POJ 3468 A Simple Problem with Integers (分块)

题目链接：POJ 3468

Description

You have $N$ integers, $A_1, A_2, … , A_N$. You need to deal with two kinds of operations. One type of operation is to add some given number to each number in a given interval. The other is to ask for the sum of numbers in a given interval.

Input

The first line contains two numbers $N$ and $Q$. $1 ≤ N,Q ≤ 100000$.

The second line contains $N$ numbers, the initial values of $A_1, A_2, … , A_N$. $-1000000000 \le A_i \le 1000000000$.

Each of the next $Q$ lines represents an operation.

“$C a b c$” means adding c to each of $A_a, A_{a+1}, … , A_b$. $-10000 \le c \le 10000$.

“$Q a b$” means querying the sum of $A_a, A_{a+1}, … , A_b$.

Output

You need to answer all $Q$ commands in order.

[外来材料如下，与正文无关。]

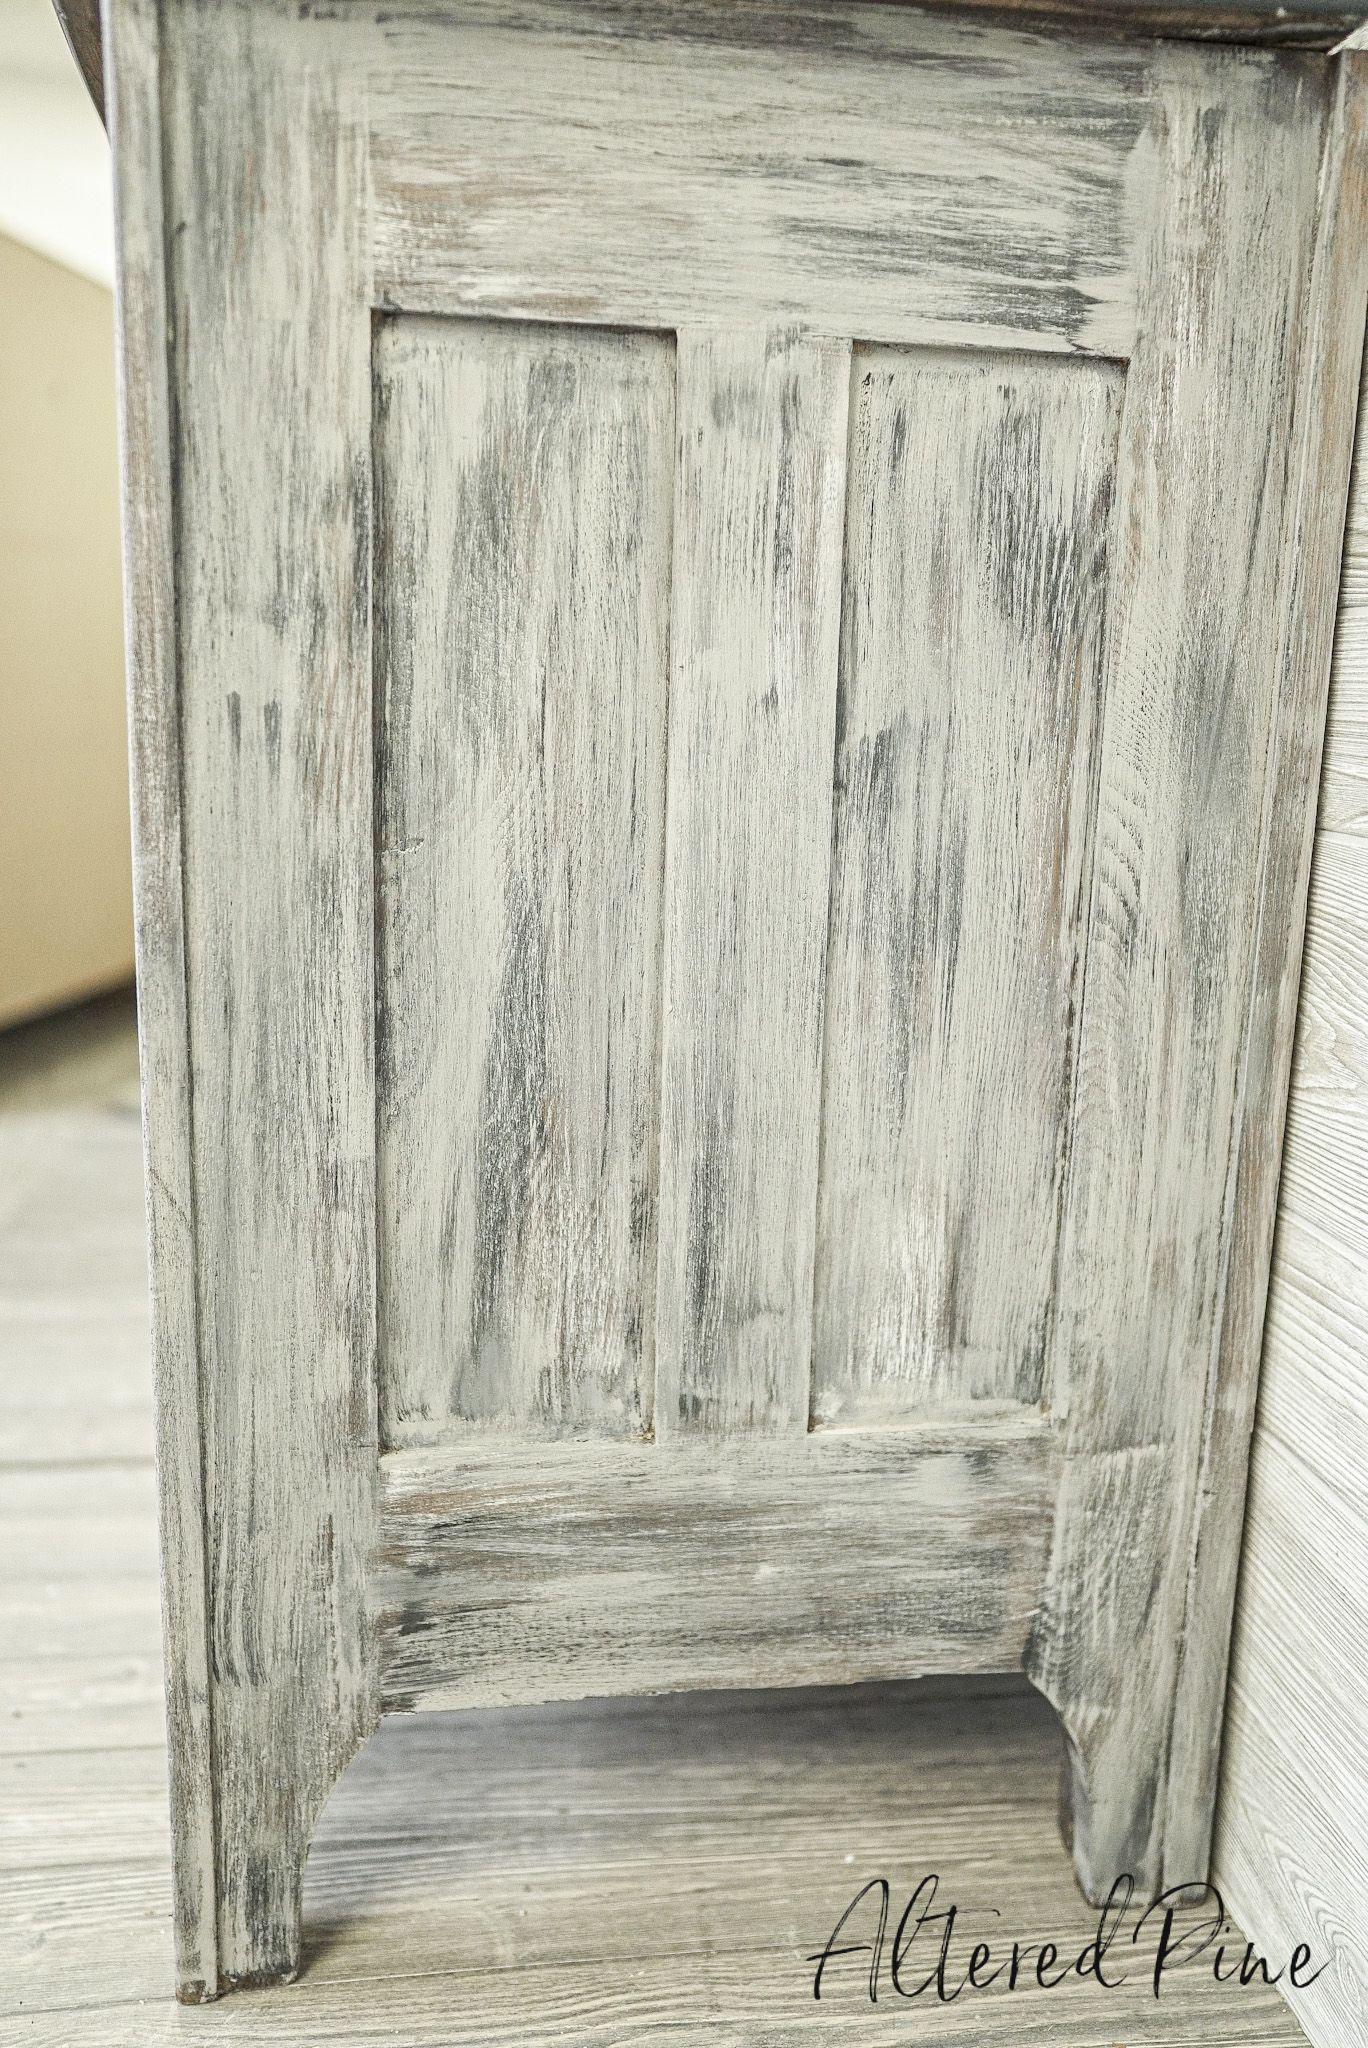 #alteredpine #painteddesk #refinishedfurniture #farmhousedecor #diy #distressedfurniture #rusticdecor #dailydecortags #chalkpaintedfurniture #diyhomedecor #hometohaven #farmhouse #home-decor #repurposedfurniture #chalkpaint #furnituretransformations #restoredfurniture #trashtotreasure #dixiebellepaint #salvagedfurniture #furnituremakeover #fromoldtonew #customorder #vintage #antiquefarmhouse #walldecor #girlswhobuild #woodprojects #Handmadedecor  #interiordesign   #paintedfurniture

One answer in a line.

Sample Input

10 5
1 2 3 4 5 6 7 8 9 10
Q 4 4
Q 1 10
Q 2 4
C 3 6 3
Q 2 4

Sample Output

4
55
9
15

Hint

The sums may exceed the range of 32-bit integers.

Solution

题意

给定 $n$ 个数和 $q$ 个询问，询问包含两种：$C a b c$ 代表区间 $[a, b]$ 的每个数加上 $c$，$Q a b$ 输出区间 $[a, b]$ 的和。

题解

分块

区间更新模板题，本题可以使用树状数组、线段树和分块解决，这里使用的是分块。

#include <cstdio>
#include <iostream>
#include <cmath>
using namespace std;

typedef long long ll;

const int maxn = 1e5 + 10;

ll a[maxn], sum[maxn], add[maxn]; // add[] 是增量标记
int L[maxn], R[maxn]; // 存放每个块的左右边界
int block[maxn]; // 存放下标为 i 的元素的块号
int n, q;
int block_size; // 块的大小

// 分块 + 预处理
void init() {
    block_size = sqrt(n);
    for(int i = 1; i <= block_size; ++i) {
        L[i] = (i - 1) * block_size + 1;
        R[i] = i * block_size;
    }
    // 处理最后一块
    if(R[block_size] < n) {
        ++block_size;
        L[block_size] = R[block_size - 1] + 1;
        R[block_size] = n;
    }
    // 预处理每个块的区间和
    for(int i = 1; i <= block_size; ++i) {
        for(int j = L[i]; j <= R[i]; ++j) {
            block[j] = i;
            sum[i] += a[j];
        }
    }
}

// 将区间 [l, r] 内的所有元素加 c
void change(int l, int r, ll c) {
    int p = block[l], q = block[r]; // 取出左右区间所在的块号
    if(p == q) {
        // 在同一块直接块内暴力
        for(int i = l; i <= r; ++i) {
            a[i] += c;
        }
        sum[p] += c * (r - l + 1);
    } else {
        // 不在同一块，块内暴力，块间整块处理
        for(int i = p + 1; i <= q - 1; ++i) {
            add[i] += c;
        }
        // 块内暴力
        for(int i = l; i <= R[p]; ++i) {
            a[i] += c;
        }
        sum[p] += c * (R[p] - l + 1);
        for(int i = L[q]; i <= r; ++i) {
            a[i] += c;
        }
        sum[q] += c * (r - L[q] + 1);
    }
}

ll query(int l, int r) {
    int p = block[l], q = block[r]; // 取出左右区间所在的块号
    ll ans = 0;
    if(p == q) {
        for(int i = l; i <= r; ++i) {
            ans += a[i];
        }
        ans += add[p] * (r - l + 1);
    } else {
        // 块间暴力
        for(int i = p + 1; i <= q - 1; ++i) {
            ans += sum[i] + add[i] * (R[i] - L[i] + 1); // 注意不是乘以 block_size
        }
        // 块内暴力
        for(int i = l; i <= R[p]; ++i) {
            ans += a[i];
        }
        ans += add[p] * (R[p] - l + 1);
        for(int i = L[q]; i <= r; ++i) {
            ans += a[i];
        }
        ans += add[q] * (r - L[q] + 1);
    }
    return ans;
}

int main() {
    scanf("%d%d", &n, &q);
    for(int i = 1; i <= n; ++i) {
        scanf("%lld", &a[i]);
    }
    init();
    for(int i = 0; i < q; ++i) {
        char op;
        getchar(); scanf("%c", &op);
        int l, r;
        scanf("%d%d", &l, &r);
        if(op == 'C') {
            ll c;
            scanf("%lld", &c);
            change(l, r, c);
        } else {
            printf("%lld\n", query(l, r));
        }
    }
    return 0;
}

Reference

《算法竞赛进阶指南》 李煜东 著